My main trouble with it is that wheezy.http has seen much less real-world battle testing than either Werkzeug or WebOb. Looking at its source code the request and response wrappers were very simple indeed, which made them a lot easier to read than the equivalent implementations in Werkzeug and WebOb. That is certainly attractive. But they also seemed to do rather little with encodings. And later I heard from Chris McDonough that wheezy.http will have trouble dealing with non-ascii URLs.
WebOb
There was an obvious candidate sitting around that I hadn't tried yet: WebOb.
I had initially deliberately avoided using WebOb for Morepath for two reasons:
- when I had to do some other WSGI work I found that Werkzeug had a nicer lower-level API exposed that let me work with raw WSGI better.
- Pyramid is already using WebOb, and I figured since Morepath was already similar enough to Pyramid anyway I could try Werkzeug for a change. Perhaps using it would benefit Morepath in some ways I could not foresee.
The second reason wasn't very good, except for one thing: I learned more about Flask and could model aspects of the Morepath documentation after it. Otherwise Werkzeug and WebOb are pretty interchangeable. And I'm confident Morepath is different enough from Pyramid anyway.
Now I had a strong reason to try WebOb: performance. I know that Chris McDonough had been working on WebOb a lot and that he cares a lot about performance, so I figured I should give it a shot.
So I swapped in WebOb and tried the benchmark again. The first result was disappointing:
msec rps tcalls funcs
flask 14638 6832 257 119
morepath 15089 6627 289 95
Morepath was only a little bit faster, and still flower than Flask. What's going on here? Turning on the profiler showed me what was going on:
ncalls tottime percall cumtime percall filename:lineno(function)

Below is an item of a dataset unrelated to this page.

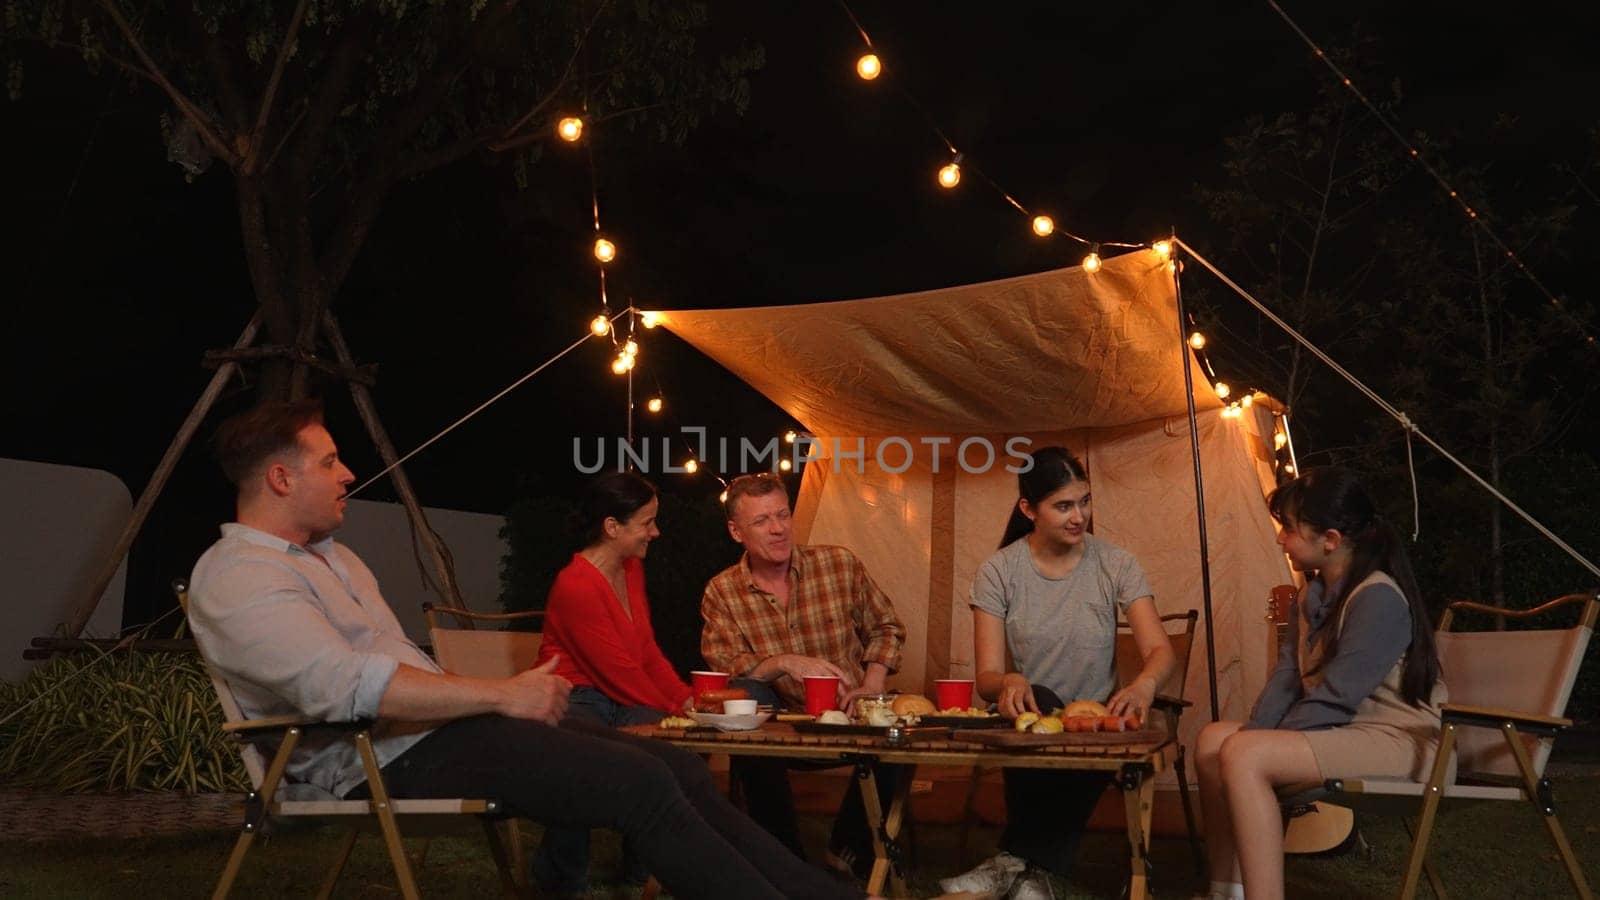 Family gather for holiday celebration in garden. Family member gather have dinner. Outdoor camping activity to relax with food and spend time with younger generation cross generation gap. Divergence.

1700000 1.829 0.000 5.270 0.000 lookup.py:136(all)
800000/300000 1.495 0.000 13.850 0.000 mapply.py:5(mapply)
800000 1.047 0.000 1.980 0.000 request.py:1405(__setattr__)
WebOb's request.py __setattr__
was showing up at number 3. I
discovered that WebOb's request object has some magic that observes
attributes. I also discovered that WebOb has a BaseRequest
that
doesn't include this magic.
WebOb: the results
So I tried things again using BaseRequest
instead:
msec rps tcalls funcs
flask 14741 6784 257 119
morepath 12236 8173 245 92
That makes Morepath 30% faster with WebOb than with Werkzeug and faster than Flask.
Not as good as with wheezy.http, but using a much more battle-tested framework, so not bad. This gets Morepath closer to Django and Tornado at this. Once I optimize Reg I think I can get closer still.
Also see that the amount of functions called during a request dropped from 314 to 245, and the amount of functions used drom and used has dropped from 122 to 92.
Switching Morepath to WebOb
If I wanted to switch something as big as a request/response implementation, now was the time: before a Morepath release. So I made the switch.
It wasn't difficult; the APIs are very similar. The most work was actually porting the Morepath tests, but that got a lot easier once I discovered the webobtoolkit library.
Another benefit of switching to WebOb is that it may eventually allow more code sharing between the Morepath and Pyramid ecosystems. I suspect the easier candidate for code sharing would be Tweens, as Morepath and Pyramid now have the same basic Tween API.
I've followed up this post with some feedback about Werkzeug and WebOb in general.